Pandemic-hit railways turn to fare hikes as path back to profitability

The Yomiuri Shimbun
A Tokyu train runs through Meguro Ward, Tokyo.

Railway companies across the nation saw a plunge in revenues caused by the pandemic, mostly from a decrease in passengers as working at home became a viable option.

Looking for a way out of their financial straits, many have already decided to increase fares starting in March 2023, while also streamlining operations by selling off real estate holdings and other means.

Tokyu was the first of the major railway companies to announce a fare increase since the start of the pandemic, which Hirohisa Fujiwara, the managing executive officer of parent company Tokyu Corp., stressed was unavoidable.

“A pandemic broke out [on a global scale] that no one had foreseen, causing the burden of fixed costs to be particularly heavy,” Fujiwara said.

Tokyu plans to raise the lowest fare on its main lines from the current ¥130 to ¥140 starting in March 2023.

A fare increase by a railroad company is technically called a “fare revision,” and requires the approval of the Land, Infrastructure, Transport and Tourism Ministry, the government body with jurisdiction. Tokyu’s request was approved in April.

Kintetsu Group Holdings Co. has also applied for approval, and three other firms, including Shikoku Railway Co. (JR Shikoku) and Keio Line operator Keio Corp. are also considering fare hikes.

Tokyu expects an 11.7% increase in revenue as a result of its fare hike. The company’s core business of transportation, which includes bus operations, was in the red for a second consecutive year in the fiscal year ending March 2022, but is expected to turn a profit in fiscal 2023.

The public weighs in

Train fares are determined taking into consideration associated costs of labor, equipment maintenance and replacement and others, while factoring in a profit for the railroad company.

This system is known as the “fully distributed cost method.” Since trains are indispensable for daily life, the fares take on a characteristic of being fees for public services. The aim is to make the necessary investments and secure a certain profitability that allow the business to continue while keeping the railway companies from making excessive profits.

The request for the fare increase is based on the premise that without the price hike, the railway company can be expected to remain in the red for about the next three years.

A public hearing with residents living along the line must also be held, so a fare hike can not be easily imposed.

Tokyu’s plan for a fare hike encountered some opposition at a public hearing in March, but as another railway noted, “The backlash was not as strong as we thought it would be.” That led to an avalanche of announcements of intention to raise fares.

Separate from these fare revisions, East Japan Railway Co. (JR East) and five other companies will raise fares under the “barrier-free fare system” for railway stations established by the central government in December last year.

They plan to add a flat fee of about ¥10 to fares in urban areas, and use the increased revenue to install platform doors at stations and make other improvements.

Sluggish business outlook

The prolonged pandemic is the main reason behind the spate of fare hikes. Of 15 major private railway companies, Tokyu and Kintetsu Group were among 13 that posted net profits in the fiscal year ending March 2022, but 12 of the 15 saw their transportation businesses fall into the red.

“We managed to cover for losses with our real estate business,” said Shinichi Akiyama, general manager of Keikyu Corp.’s Management Strategy Department, which was a common refrain among the companies.

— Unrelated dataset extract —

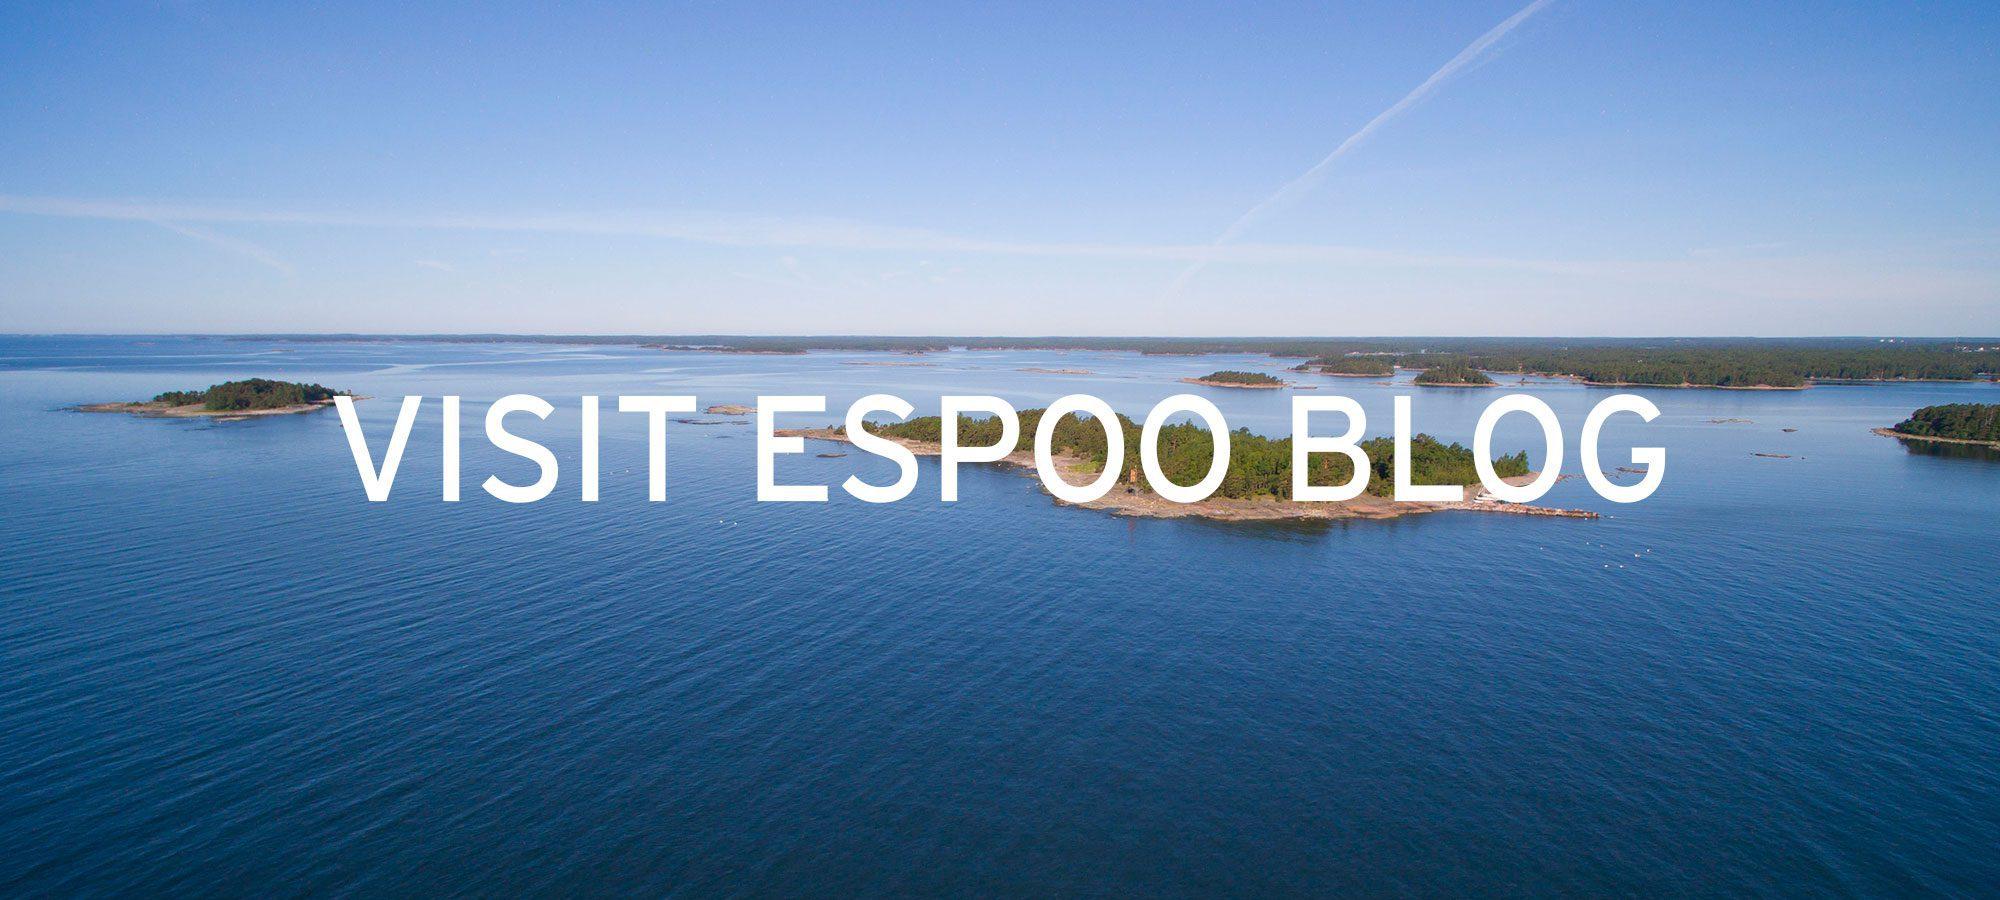 Visit Espoo Blog

According to the Japan Private Railway Association, major private railway companies transported 7.86 billion passengers in fiscal 2021. That was up 7.3% from the previous year, but indicated continued sluggishness given that it marked 25.1% decrease from pre-pandemic fiscal 2019.

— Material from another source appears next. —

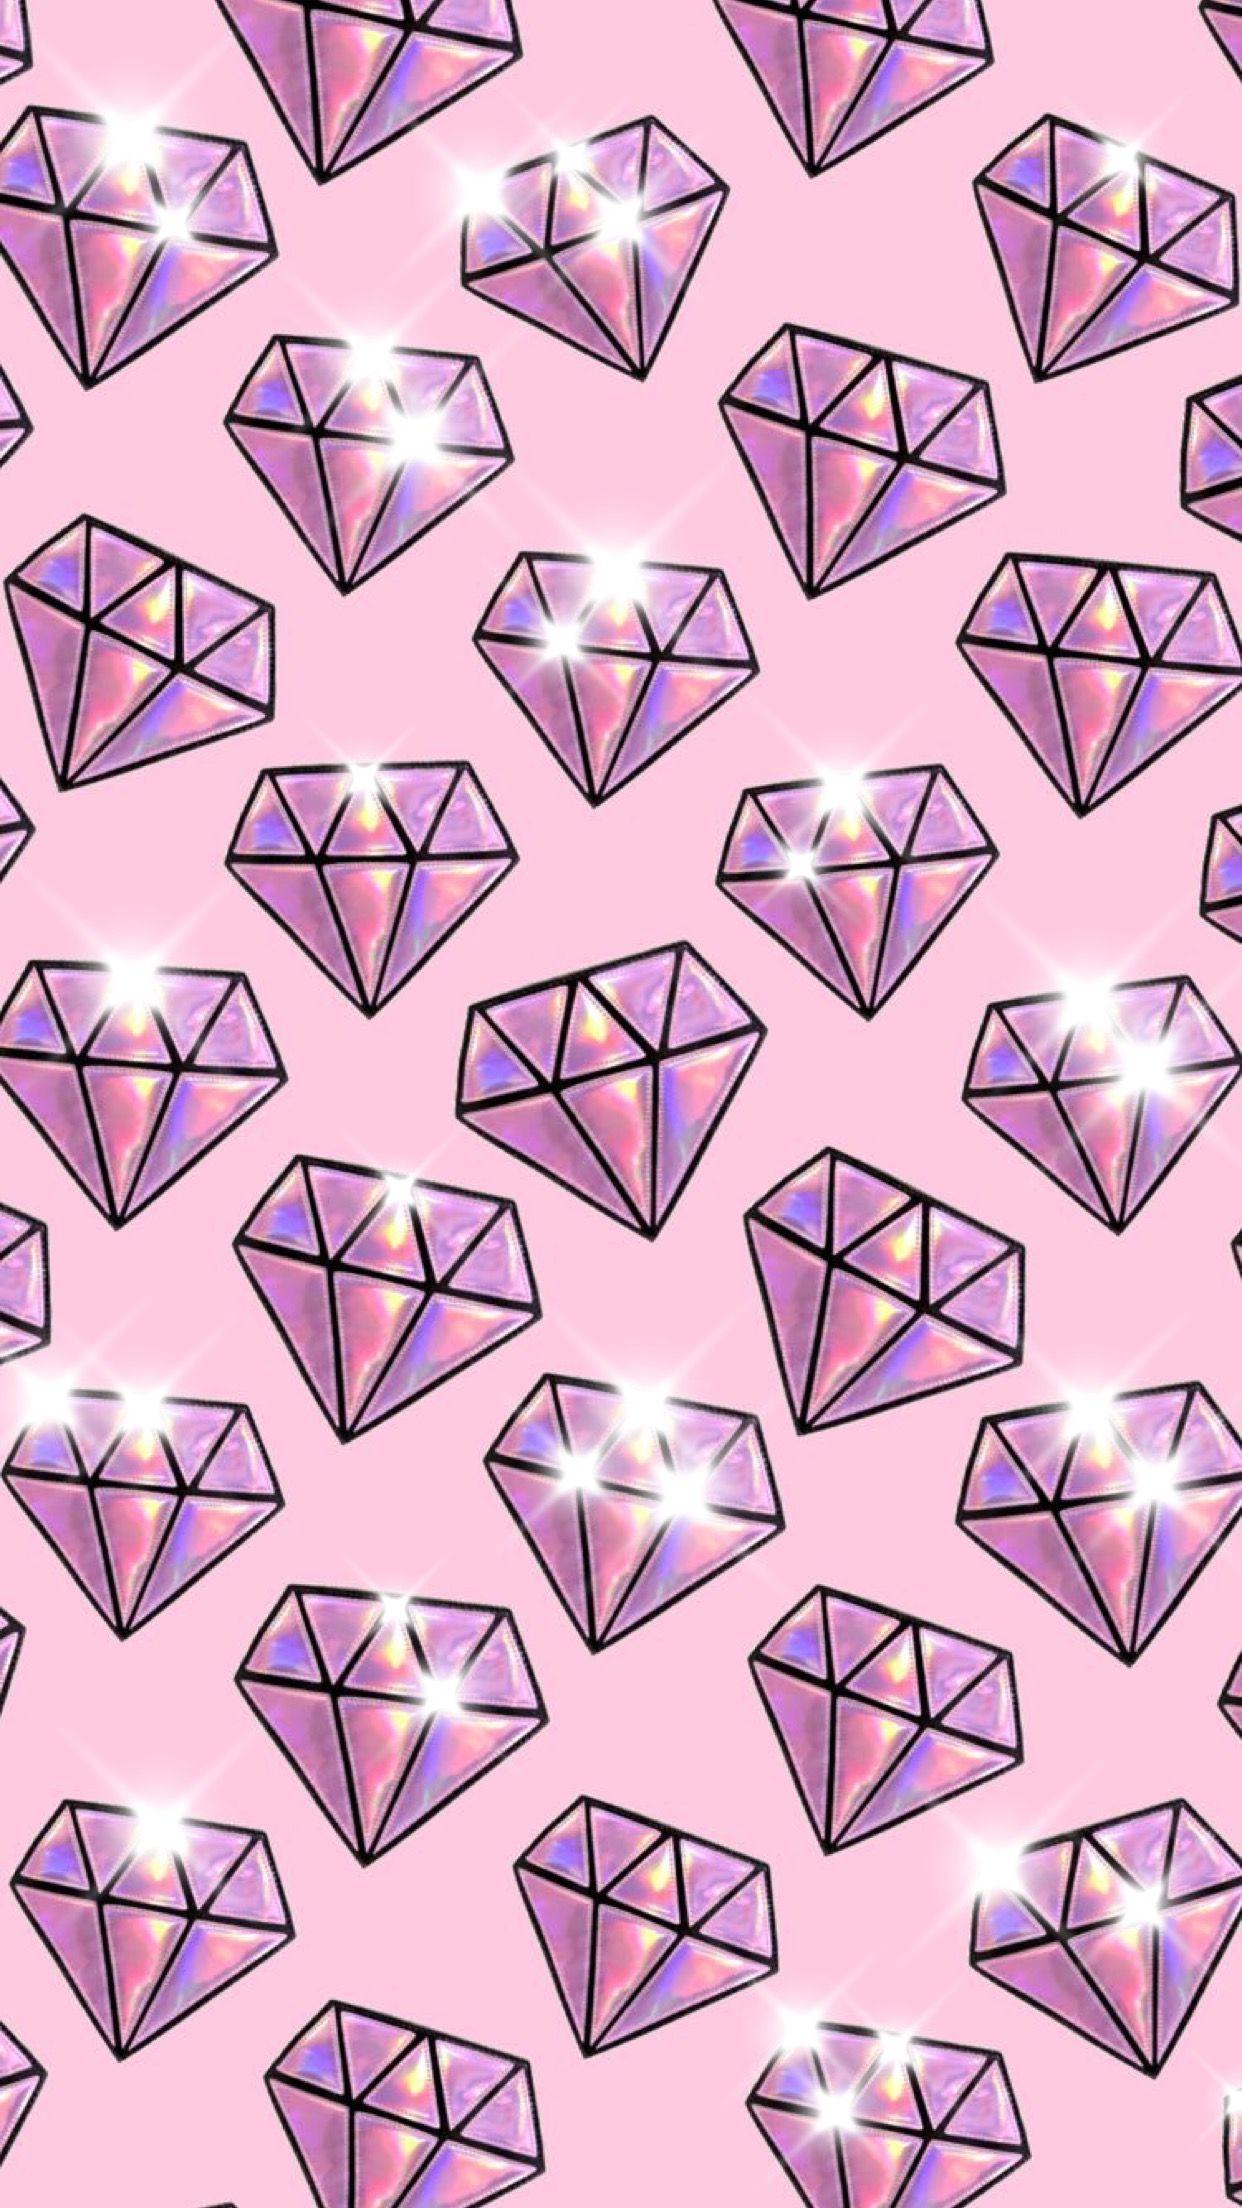 Shine On You Crazy Diamond Fondos De Pantalla De Iphone

“With telecommuting becoming more commonplace, the industry has a unified view that the 15% decline in demand from the pre-pandemic level [will continue],” said Satoshi Tsumura, director and managing officer of Keio Corp.

Seibu Holdings Inc. is taking an unprecedented initiative in the industry — it plans to purchase old railroad cars from other companies with an eye to cutting costs by reducing the burden of rolling stock costs. Tobu Railway Co., for its part, intends to reduce staff at its head office by 30% by transferring some employees to companies outside the group.

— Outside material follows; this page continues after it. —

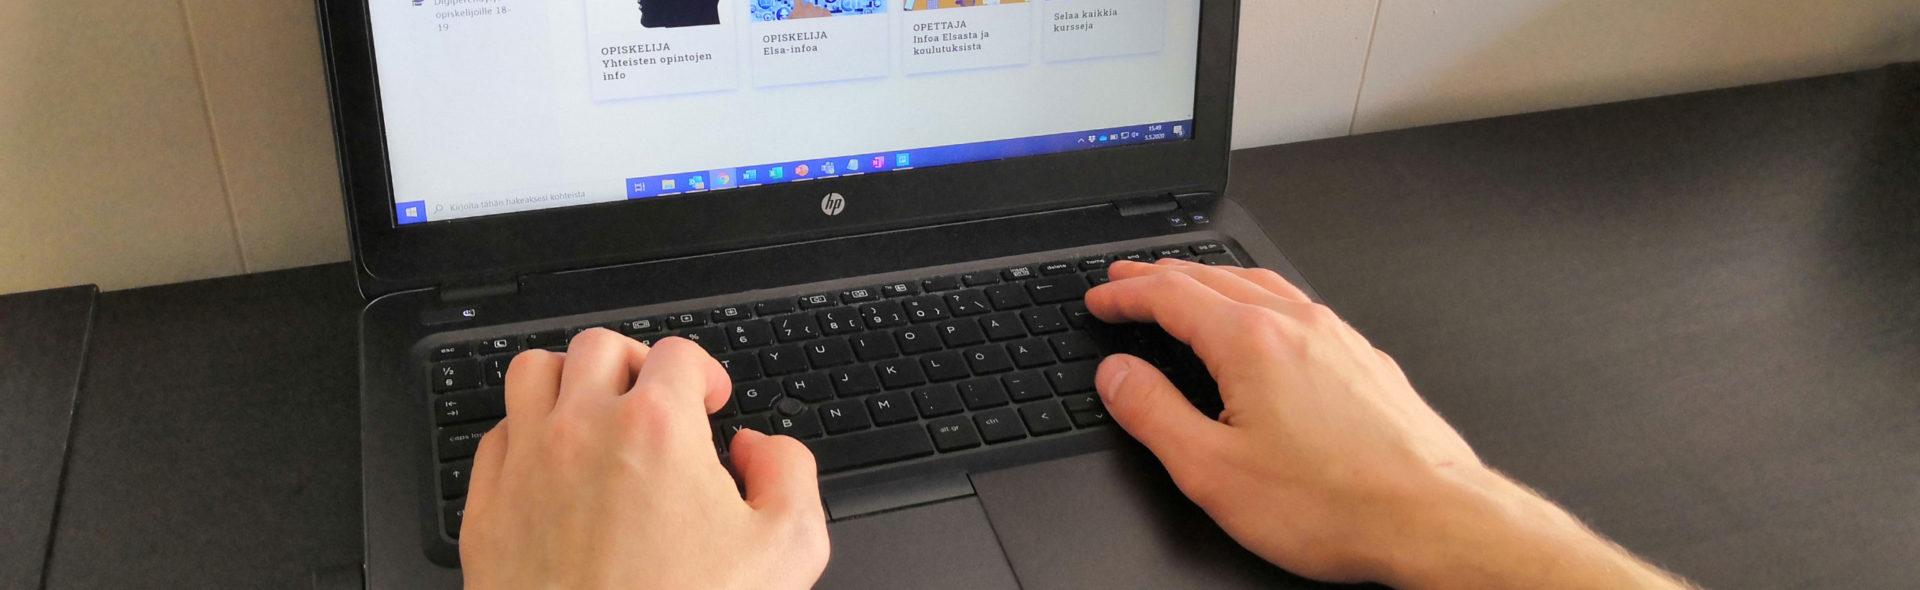 Kädet ovat tietokoneen näppäimistöllä.

With many companies expected to continue selling assets, Odakyu Electric Railway Co. is considering selling its subsidiary hotel, the Hyatt Regency Tokyo.

There have been objections to the price increases. Nara Gov. Shogo Arai, whose prefecture has many residents who commute to Osaka Prefecture, opposes Kintetsu Group HD’s price hike.

“Fares that are high to begin with are going to go up even more,” he said. “They have to be held accountable for making management more efficient.”

Prof. Koichiro Tezuka of Nihon University, who specializes in transportation economics, said, “Although fare increase is unavoidable because of the pandemic, train fares are similar to public service fees, necessitating a full and detailed explanation.”